他本身就古板沉闷,不会说谎,于是一整天都是由徐凤霞母子招待他们,他则沉默着在外面抽烟,抽完去了厨房看锅,吃完又去了工厂上工。
现在见已经暴露了,也就说了出来。
简念眼睫一颤:“收养?”
“嗯。”
陆志盛吸了口味道劣质呛鼻的烟,慢慢吐出来,“好些年前的事了。”
他不是个会讲故事的人,说话简短,语序混乱,简念从他的话里慢慢拼凑出了当年的事情经过。
他们夫妻结婚几年,一直生不出孩子,去了大城市看医生,做检查,得知他不育。
几年里,钱也花了,药也喝了,去各地拜佛求神,喝了各种调养的土方子都没用。
快四十的时候,他们就放弃了,也是在这时候领养了陆准。
简念问:“那他亲生母亲呢?”
“这我们了解的也不多。”
陆志盛叹了口气:“只知道他妈给人当小,孩子生了,人家那边又不愿意要,就丢了。我和凤觉得也算是个积德的事,就带回去了。”

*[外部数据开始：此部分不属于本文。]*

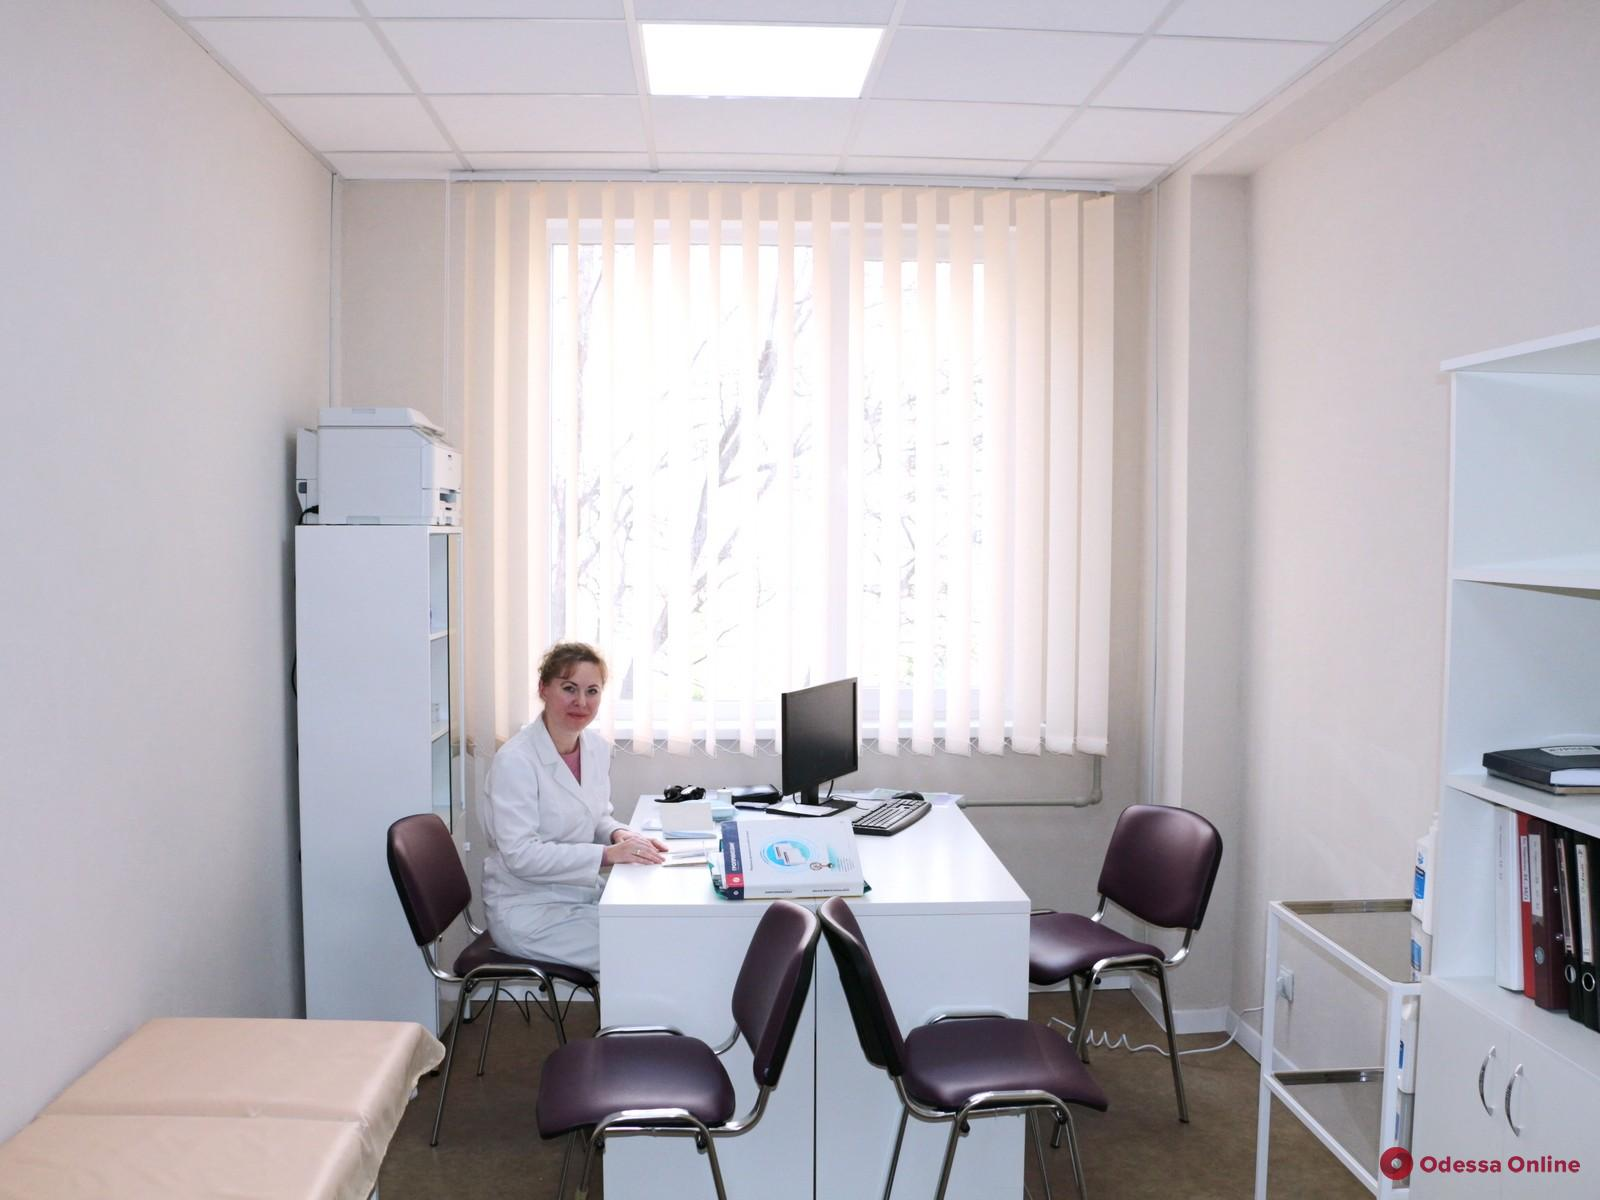 Одесса: на Левитана капитально отремонтировали семейную амбулаторию
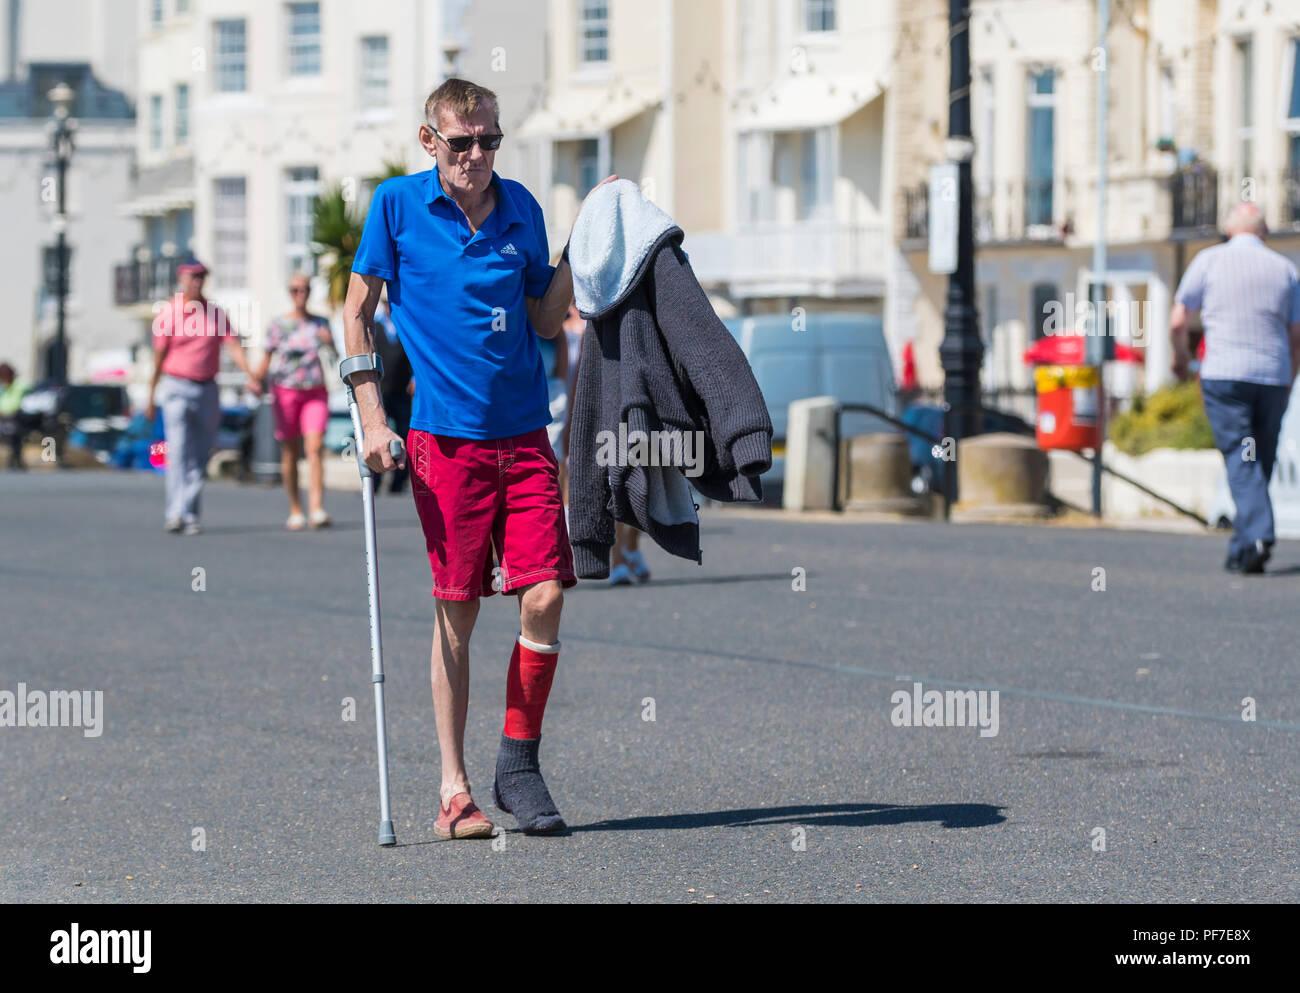 Uomo con gamba ferita camminare con l'aiuto di una stampella. Uomo che cammina con le stampelle. Immagini Stock

简念抿紧了唇,心里已经大概知道了答案,但还是问:“那为什么他和你们关系不好?”
陆志盛面露一点窘迫,“后面过了没多久,凤就怀了小飞。”
他指腹不自然地搓了搓,“我们就忽略了他一点。”
忽略了一点……
他说的这话,简念没有半分相信,离开陆家后,到了还开着的小卖部那里,放下几百块钱,问了一遍。
正擦着桌子的女人看她一眼,收了钱,嗤笑一声:“还积德呢?也不怕遭雷劈。”
“我见过那孩子,以前那个时候他们还穷的很,那屋头还没盖房子,他们房间不够住,就在后院搭了个板跟羊棚挨着,就让他那么睡。”